While sometimes reluctant and other times zealous, the United States has intervened in the “recent” uprisings to protect its interests, allies, and spread of democracy.
Lessons of History
The Crusade of Pope Urban II was hardly the beginning of international interest in Asia. Rome and Byzantium moved eastward before any significant Islamic expansion, and Persia ruled over Anatolia and the northern Arabian Peninsula for centuries. After an initial victory and subsequent failures to recapture the Holy Land and its neighboring principalities, Europe retreated and the Ottoman Empire safeguarded the door to the East for centuries.

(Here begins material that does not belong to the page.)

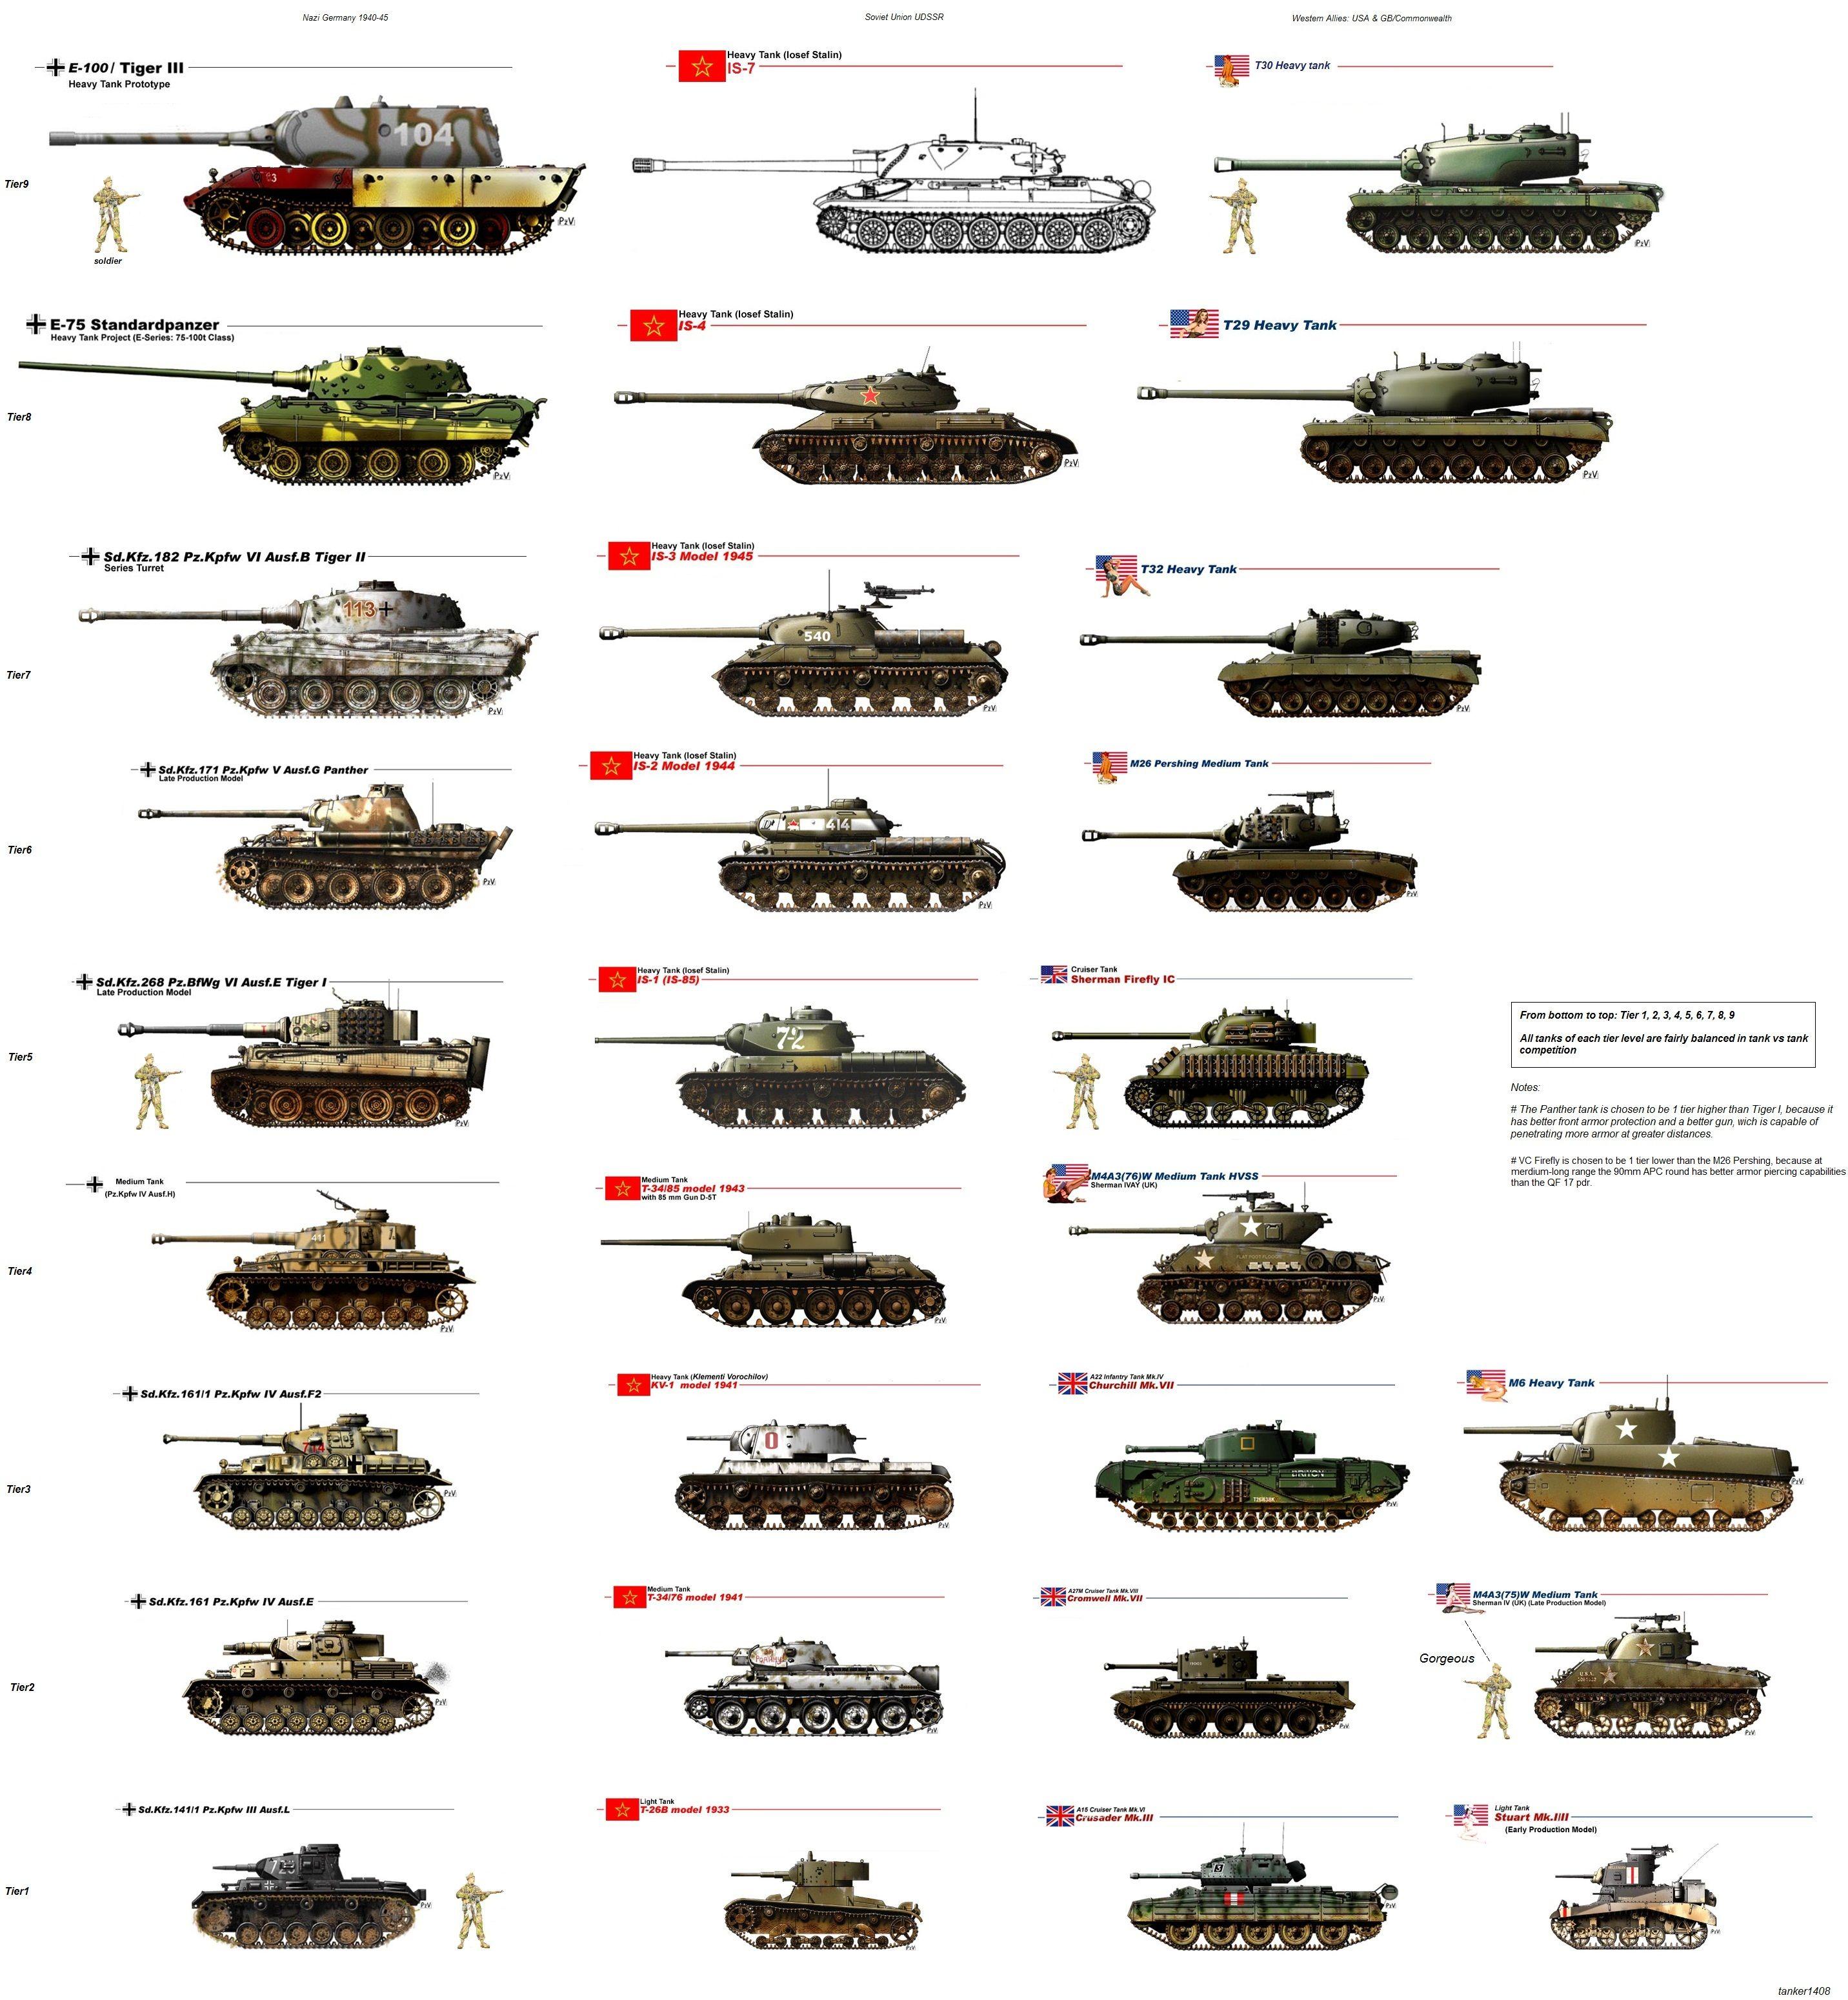 tank photo ww2 wwii pinterest joyeuses f tes militaires et v hicules militaires. Black Bedroom Furniture Sets. Home Design Ideas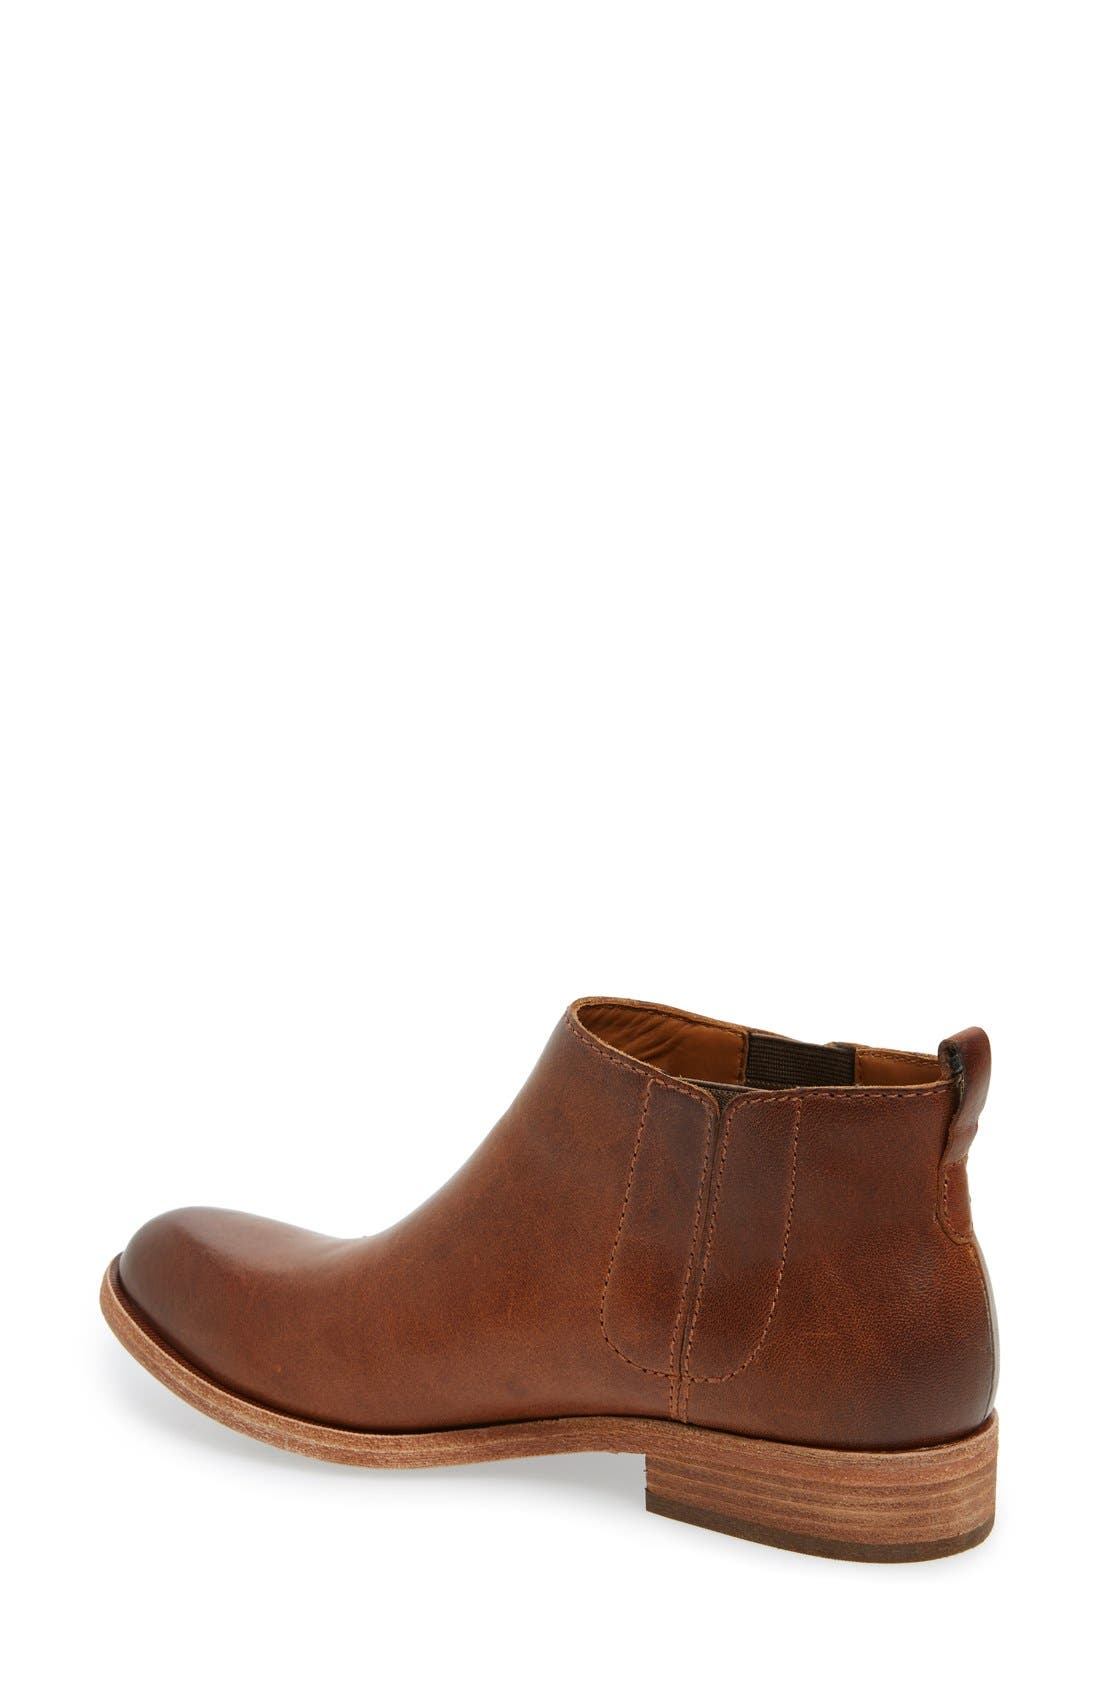 cdd4a4147b4 Kork-Ease® Shoes

Later, in its decline, the Ottomans lost territories and became the target of attacks from Russia and Europe. In the early 1800s Russia mobilized troops in its attempt to gain control of the Caspian and Black Sea. At the same time Napoleon marched through northern Africa. From 1830 to 1880 France gained controlled of Tunis, Algeria, and Egypt. At the turn of the 20th century, Britain and France “managed” several countries in Northern Africa and in the Near East.
However, with the spread of Imperialism in the Muslim world, came the concept of nationalism. In Europe and America nationalism juxtaposed unity and discrimination. The reactions in the Middle East were similar, but internal conflicts varied among each nation. The Young Turks, for example, were a secular movement while many other national movements in the Arab world stemmed from religious beliefs. Never the less, these revolutionaries epitomized the growing resentment of foreign intervention in the region. This did not, however, deter the West from pursuing perhaps different interests in the East.
While the Near East experience volatile interference from the West, Persia (eventually Iran) and Iraq were able to keep sovereignty over their respective territories. Both World Wars would change that. From 1918-1934 Britain built a pipeline across northern Iraq even though both Britain and the U.S. were not heavily reliant on foreign oil yet. And, even though World War I scrambled alliances and redefined Asia and Europe, it was Hitler’s war would change the dynamic between East and West forever.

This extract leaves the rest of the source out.